Beginning with the line below that contains "Page 41 of doujinshi Sakubun" and ending with the line that contains "BL 37 - 15350", copy every line exactly. Copy nothing else.

→ Data supplied:
◆ ◆ ◆
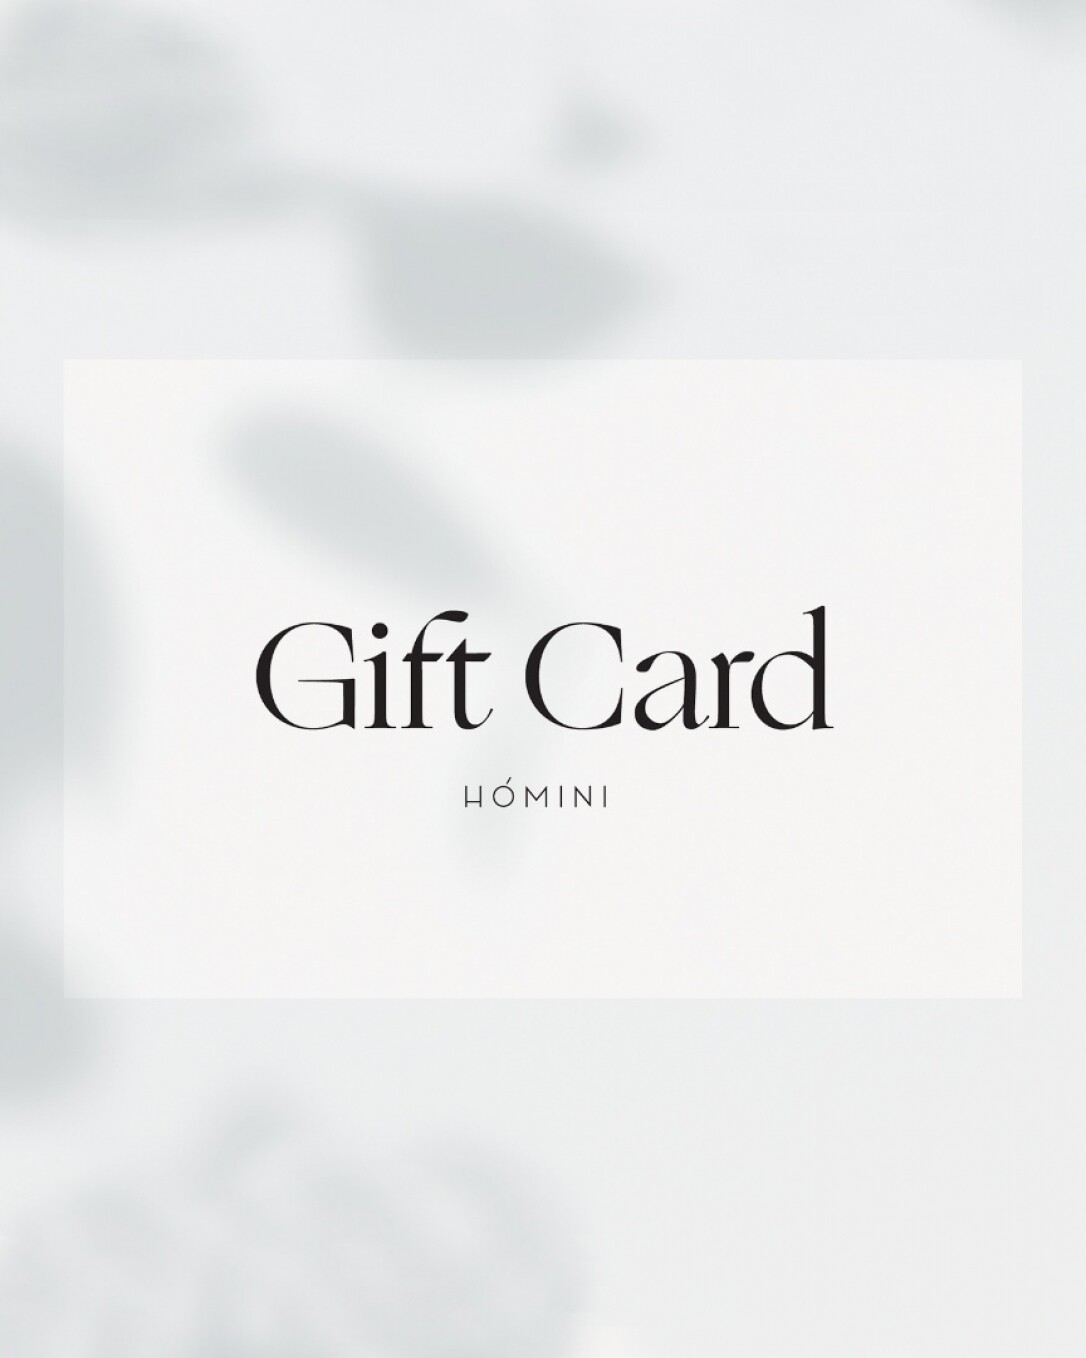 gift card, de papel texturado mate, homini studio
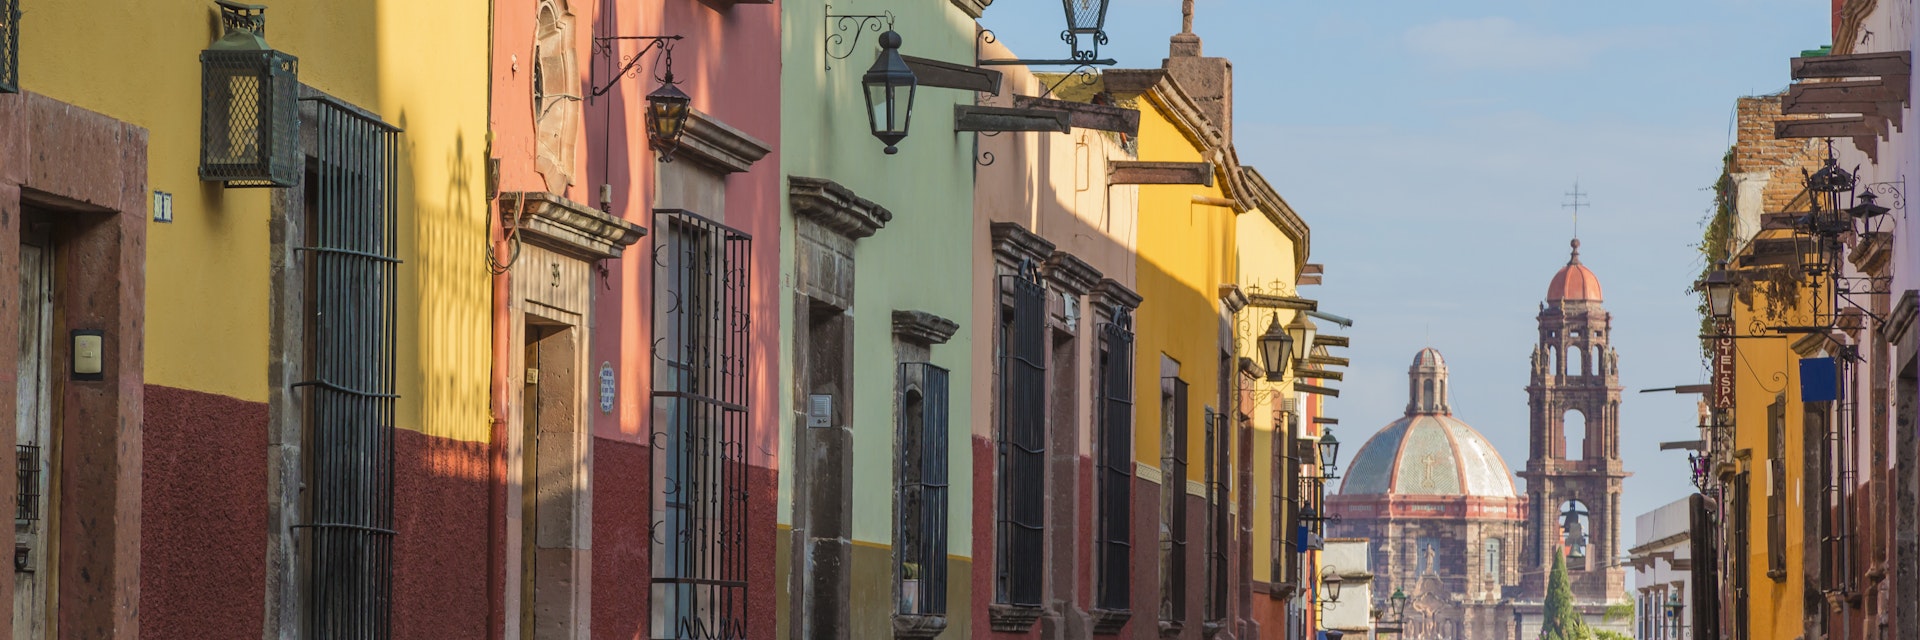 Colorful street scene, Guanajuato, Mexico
◆ ◆ ◆
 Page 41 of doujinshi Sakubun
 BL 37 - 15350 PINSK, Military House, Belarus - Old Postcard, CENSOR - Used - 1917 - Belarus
◆ ◆ ◆
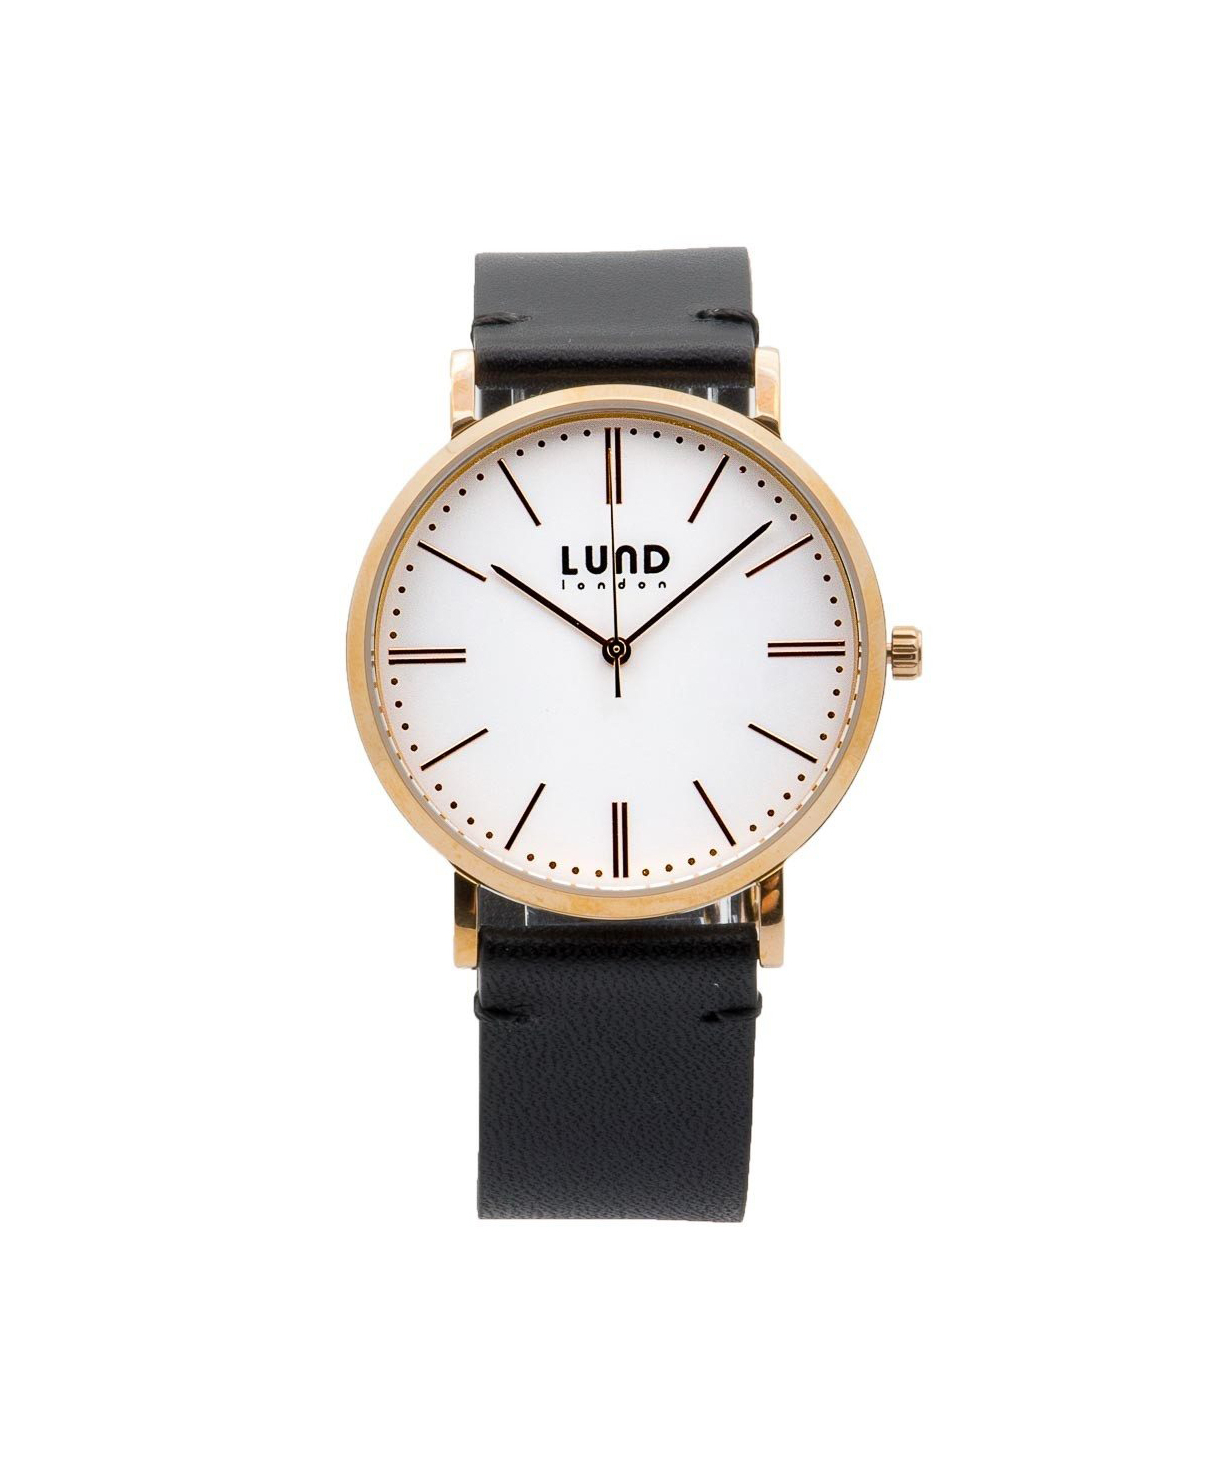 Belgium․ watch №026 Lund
◆ ◆ ◆
→ Exercise answer:
 Page 41 of doujinshi Sakubun
 BL 37 - 15350 PINSK, Military House, Belarus - Old Postcard, CENSOR - Used - 1917 - Belarus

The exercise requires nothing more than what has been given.